Assignment - Start with the line that holds "Nous avons le". Please copy it and each remaining line below exactly, leaving pictures out.

Provided material -
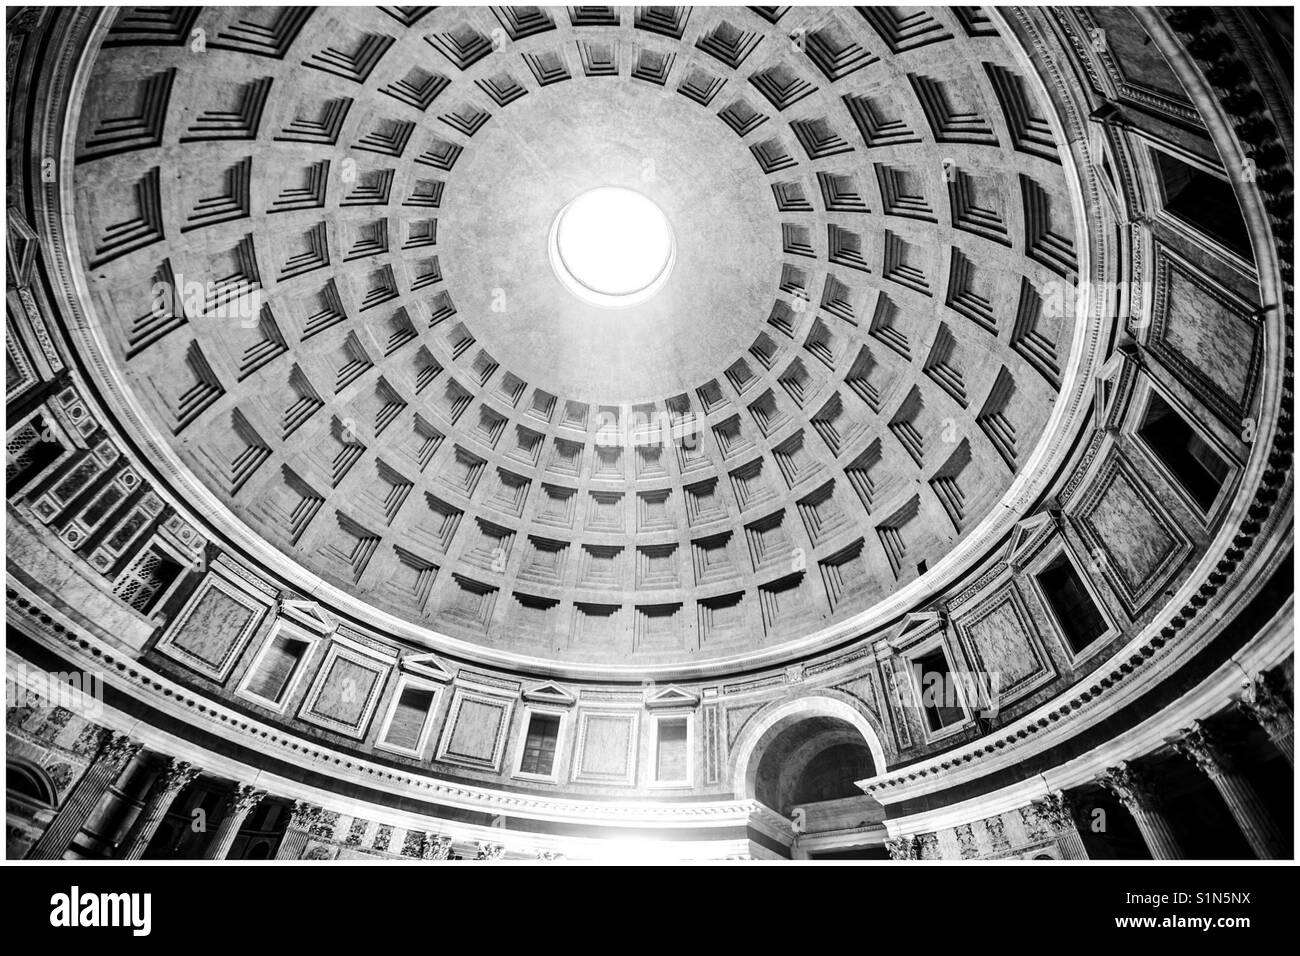 Le Pantheon Dome, montrant le Ocululus, la seule source de lumière naturelle. Rome, Italie Banque D'Images
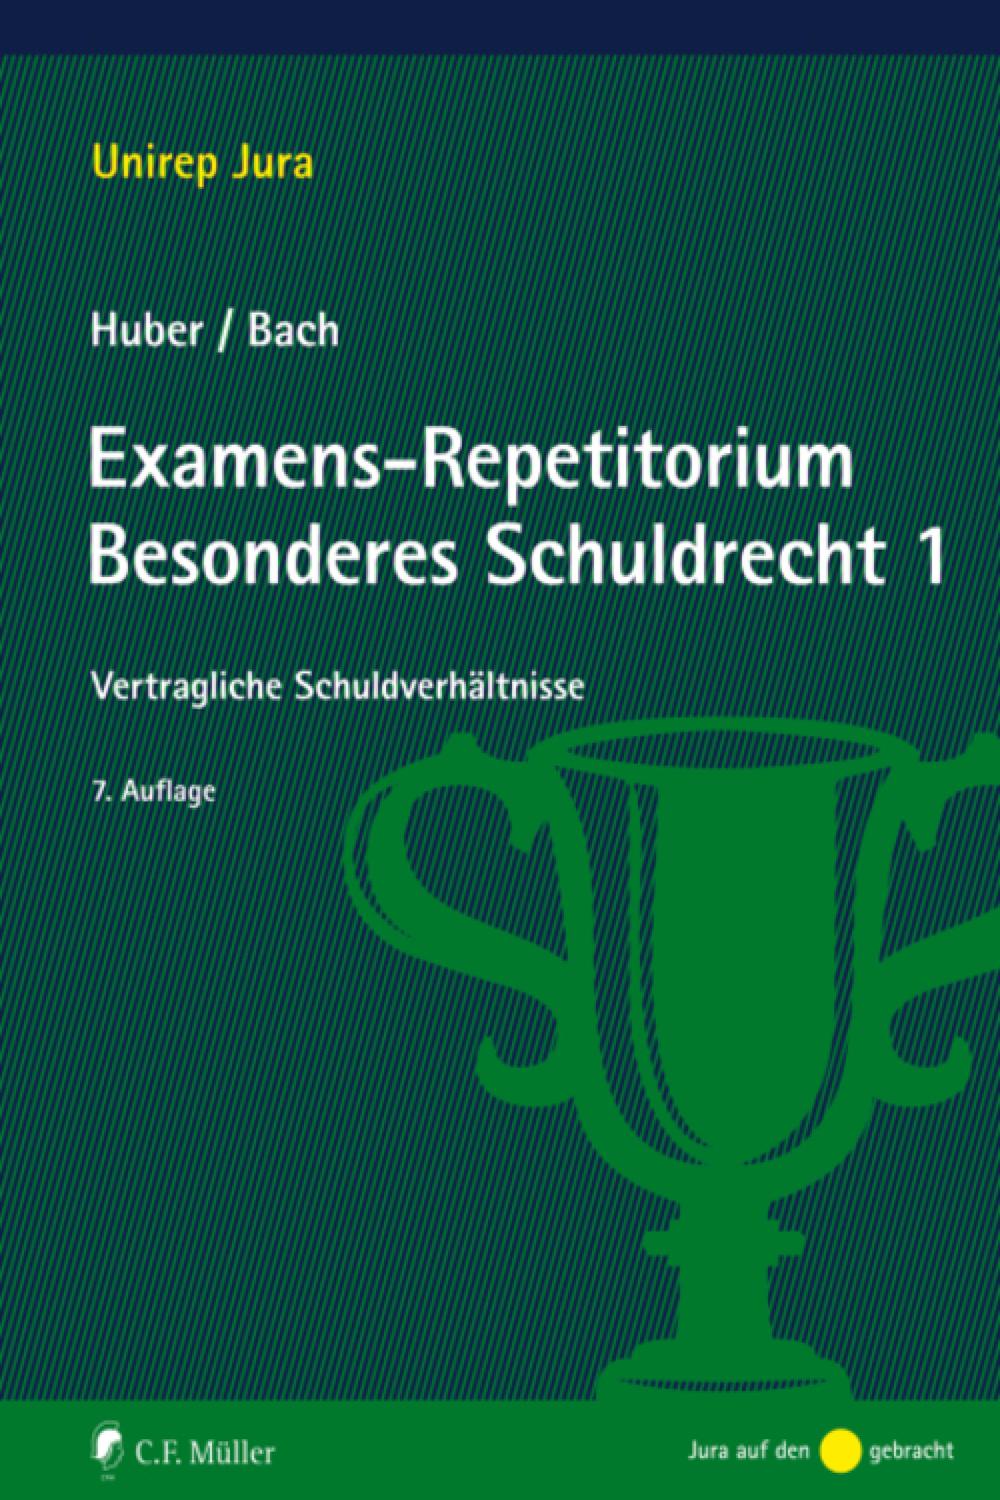 Examens-Repetitorium Besonderes Schuldrecht 1 - Peter Huber, Ivo Bach,,
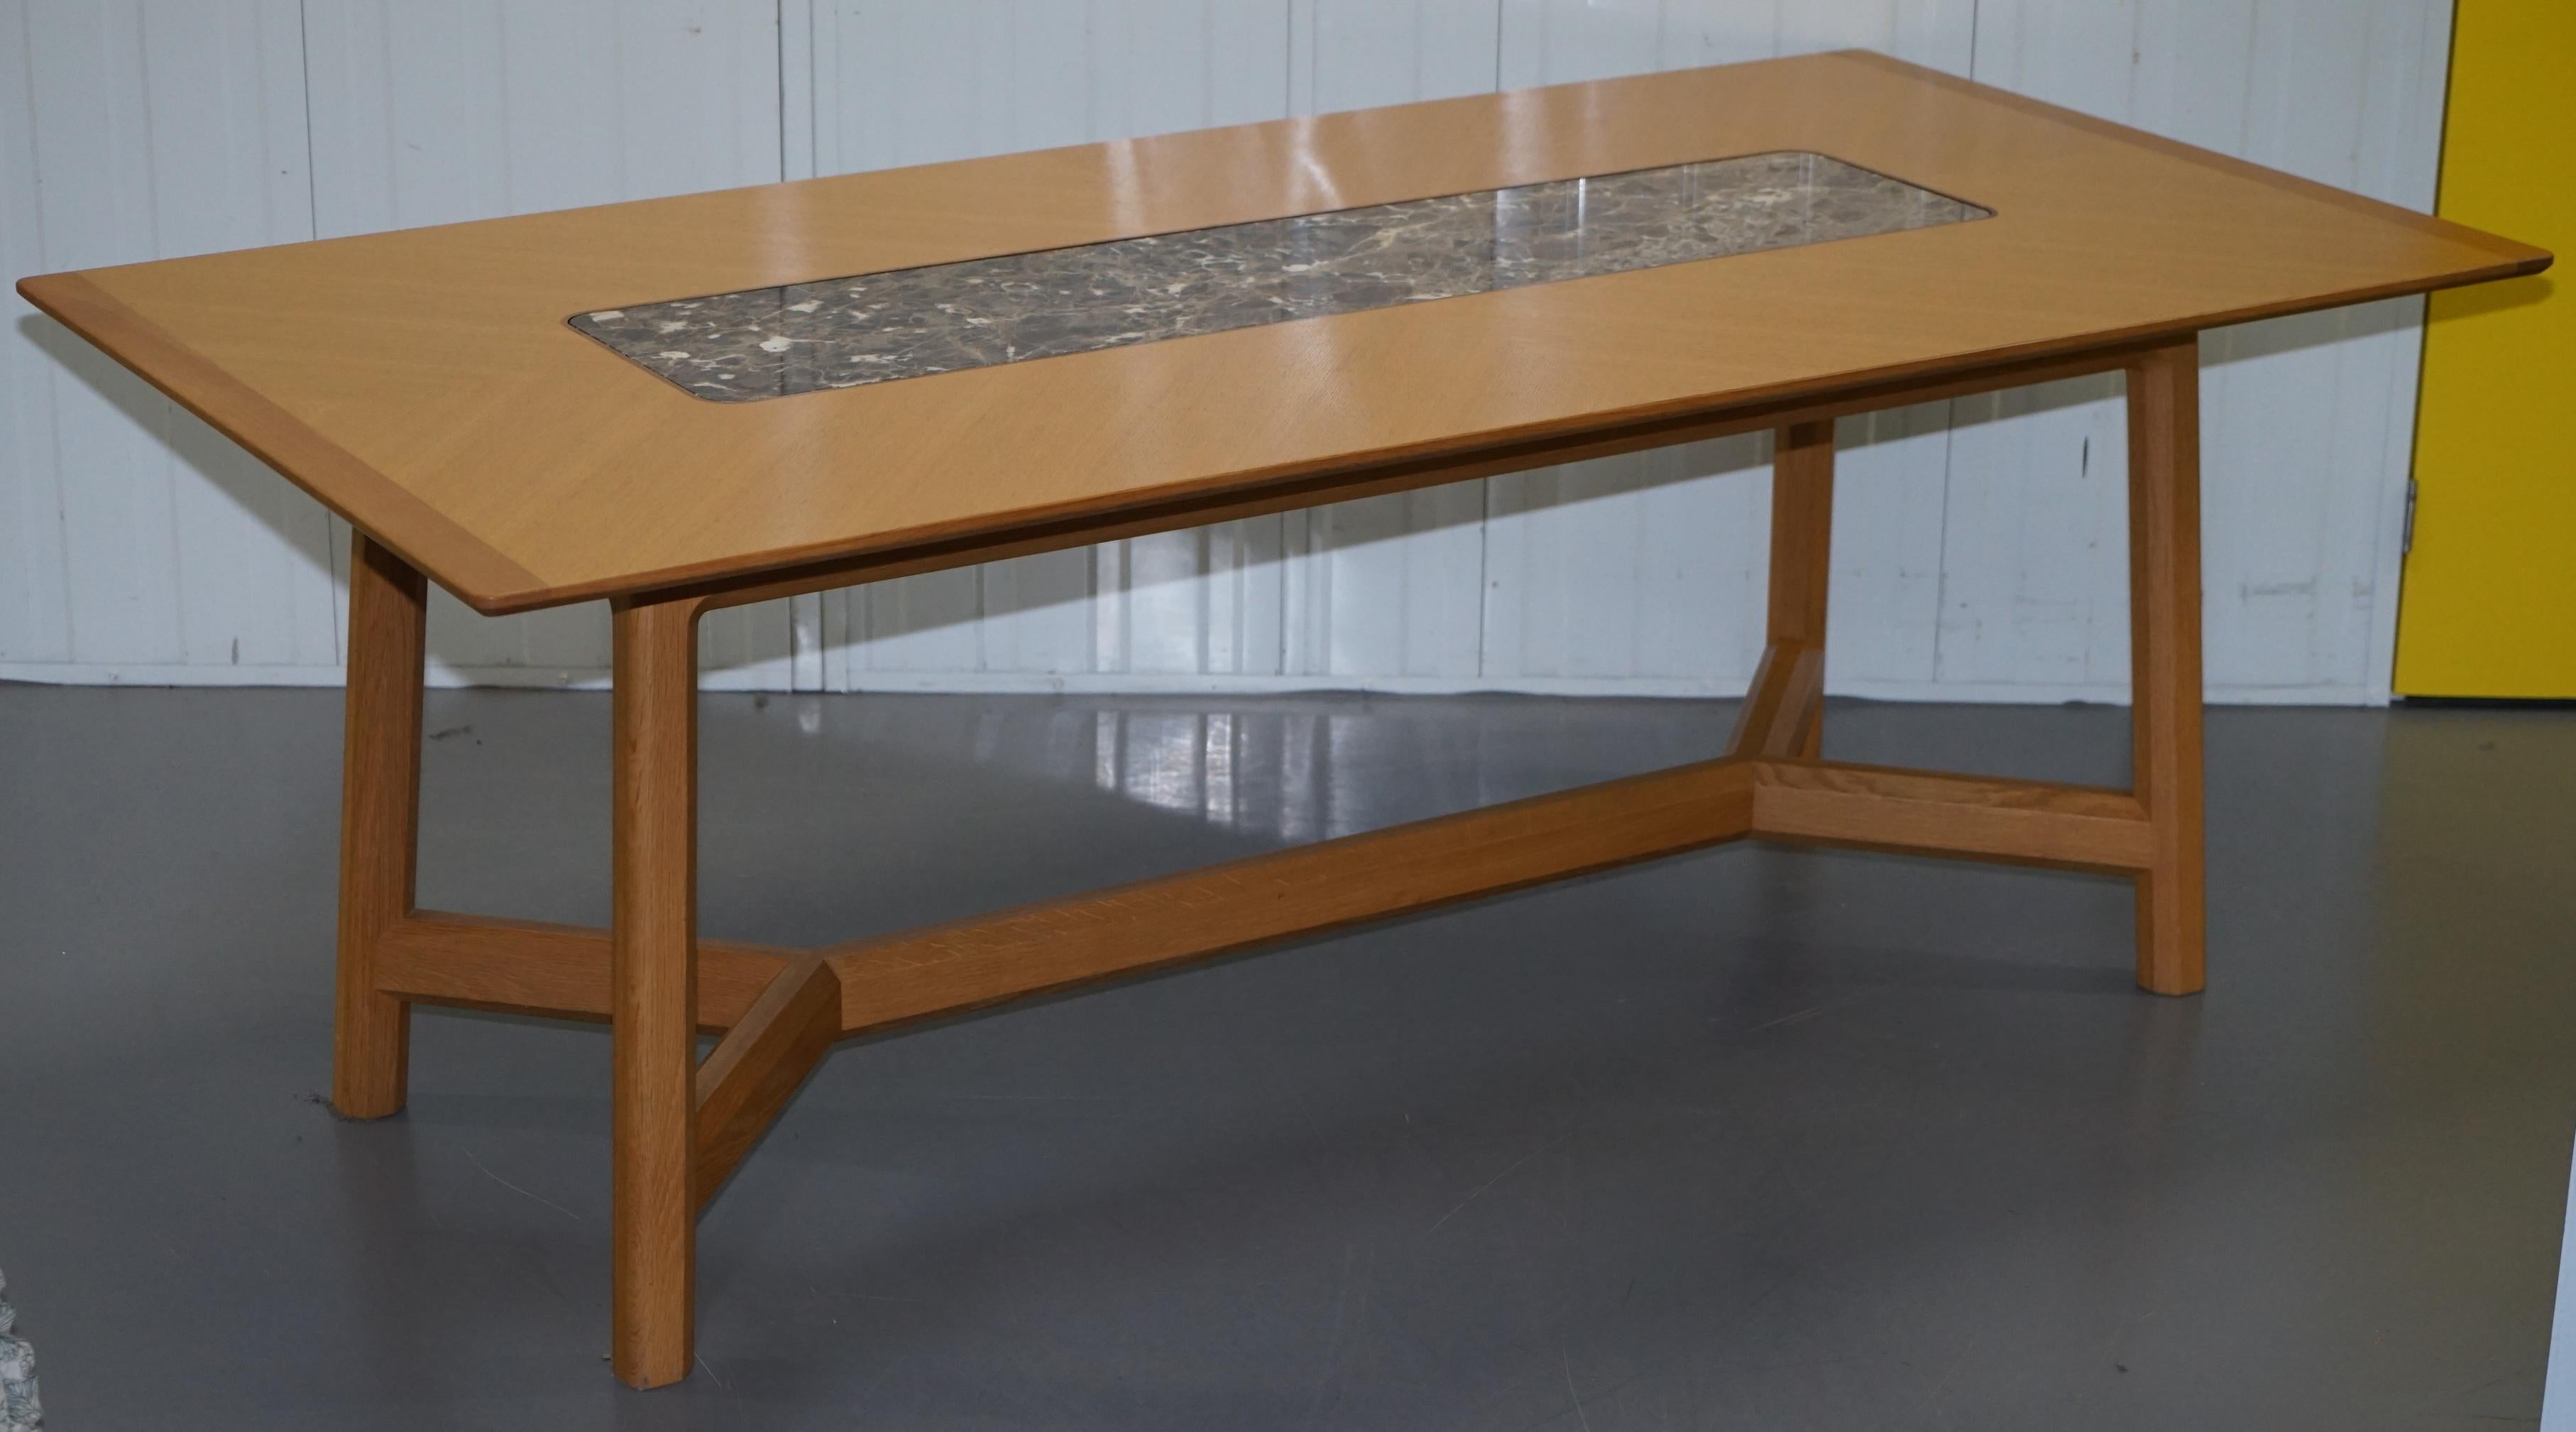 Nous avons le plaisir de proposer à la vente cette superbe table de salle à manger David Linley Newlyn collection en sycomore massif avec insert en marbre Hayrake RRP £14,500

Une table très belle et bien faite, l'insert en marbre est parfait pour

Task result -
 Nous avons le plaisir de proposer à la vente cette superbe table de salle à manger David Linley Newlyn collection en sycomore massif avec insert en marbre Hayrake RRP £14,500

Une table très belle et bien faite, l'insert en marbre est parfait pour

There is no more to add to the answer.